[[ Information supplied, beginning ]]

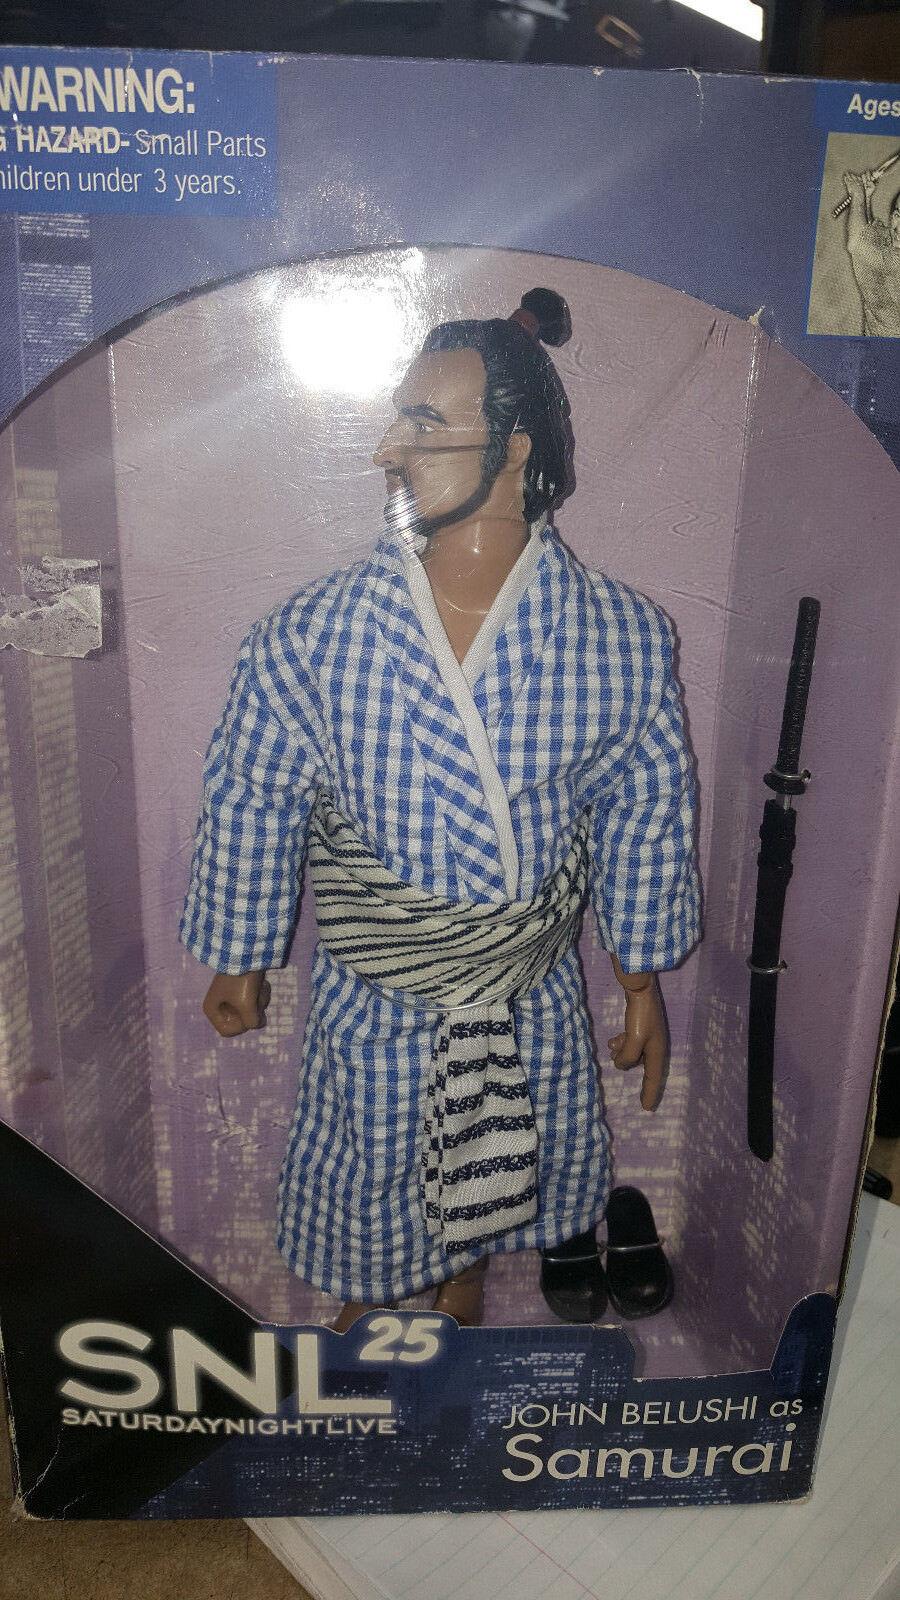 John Belushi SNL as Samurai figure Creation Entertainment 2000
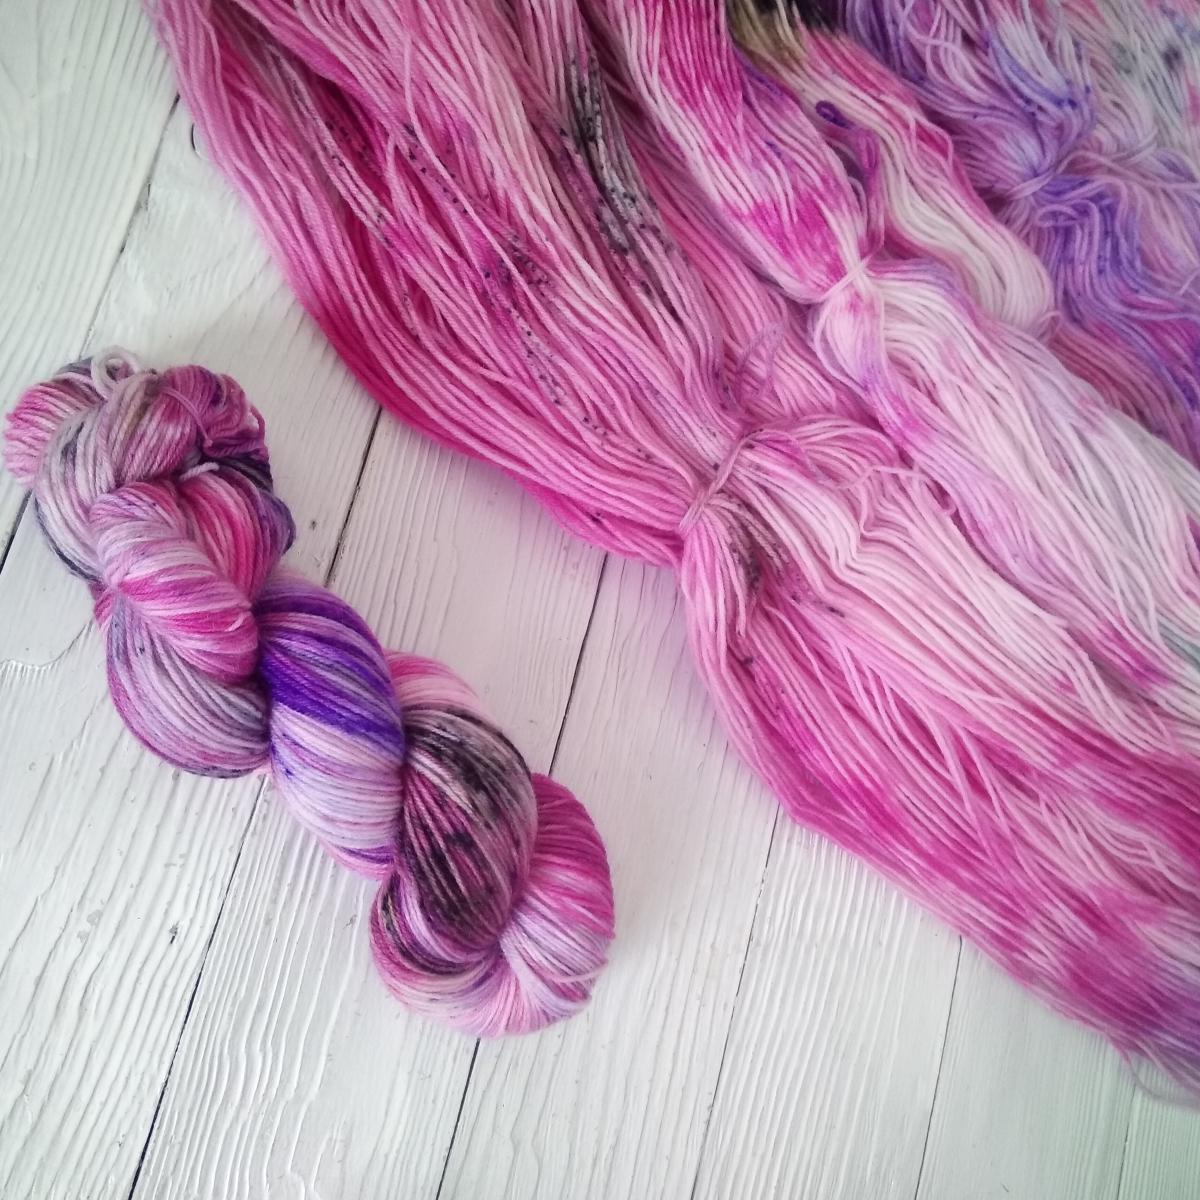 woodico.pro hand dyed yarn 041 5 1200x1200 - Hand dyed yarn / 041
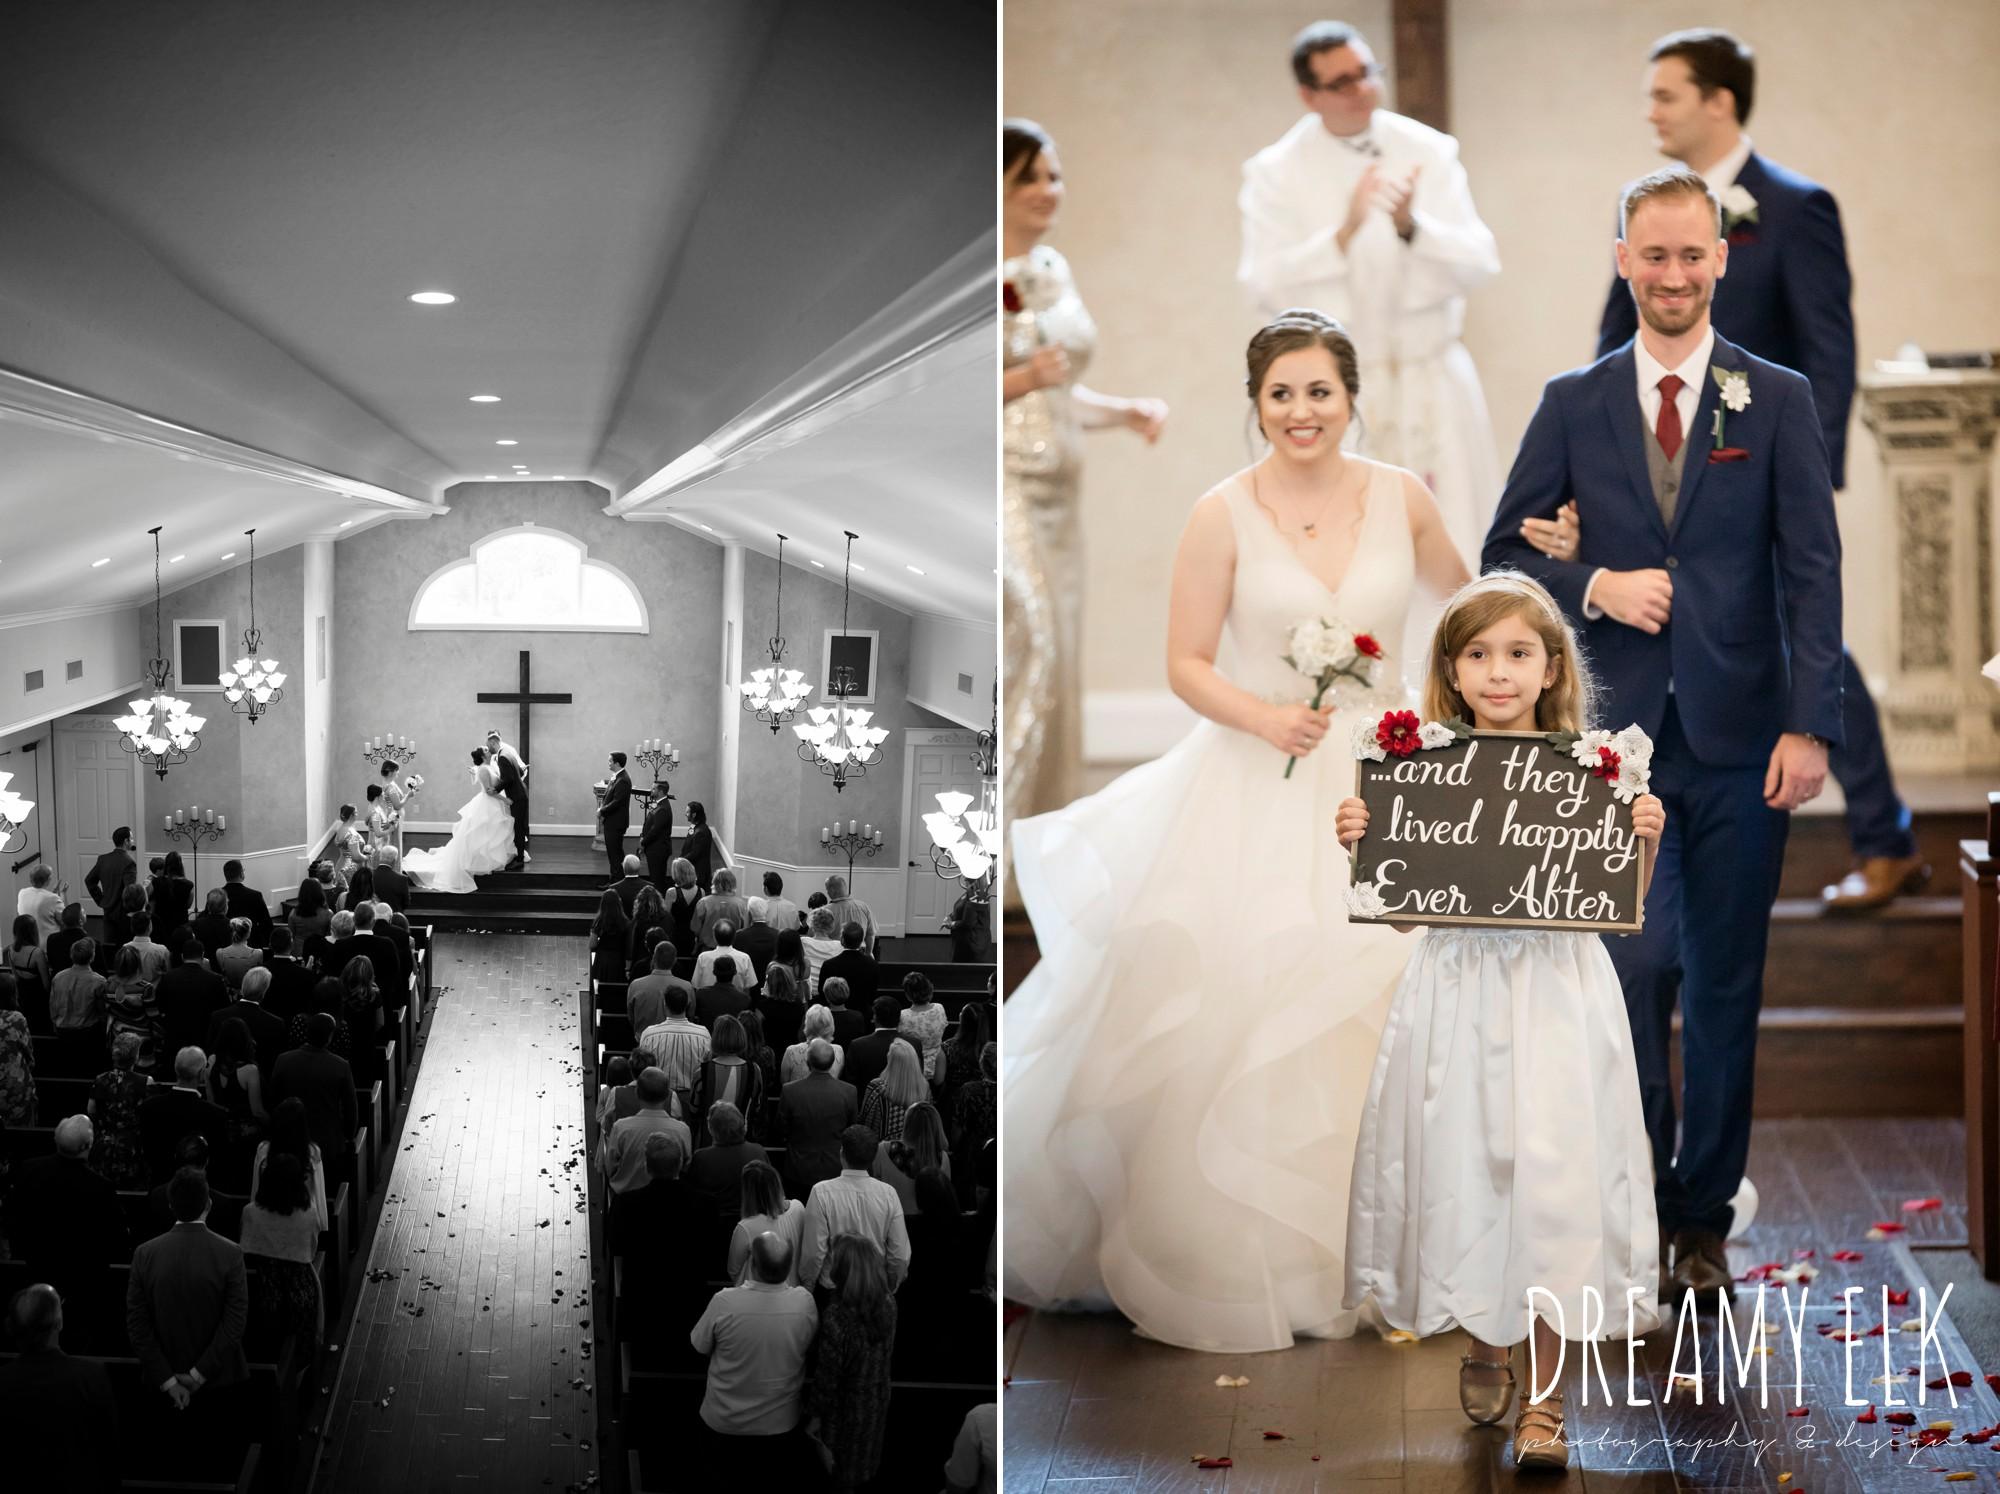 fall wedding, gold and navy wedding photo, ashelynn manor, austin texas wedding photographer, dreamy elk photography and design, emily ross

[[ Information supplied, end ]]

Ignoring the pictures, write out word for word only the lines from the one containing "woodico.pro hand dyed" through the last line of the data, both ends included.

▸ Finished exercise
 woodico.pro hand dyed yarn 041 5 1200x1200 - Hand dyed yarn / 041
 fall wedding, gold and navy wedding photo, ashelynn manor, austin texas wedding photographer, dreamy elk photography and design, emily ross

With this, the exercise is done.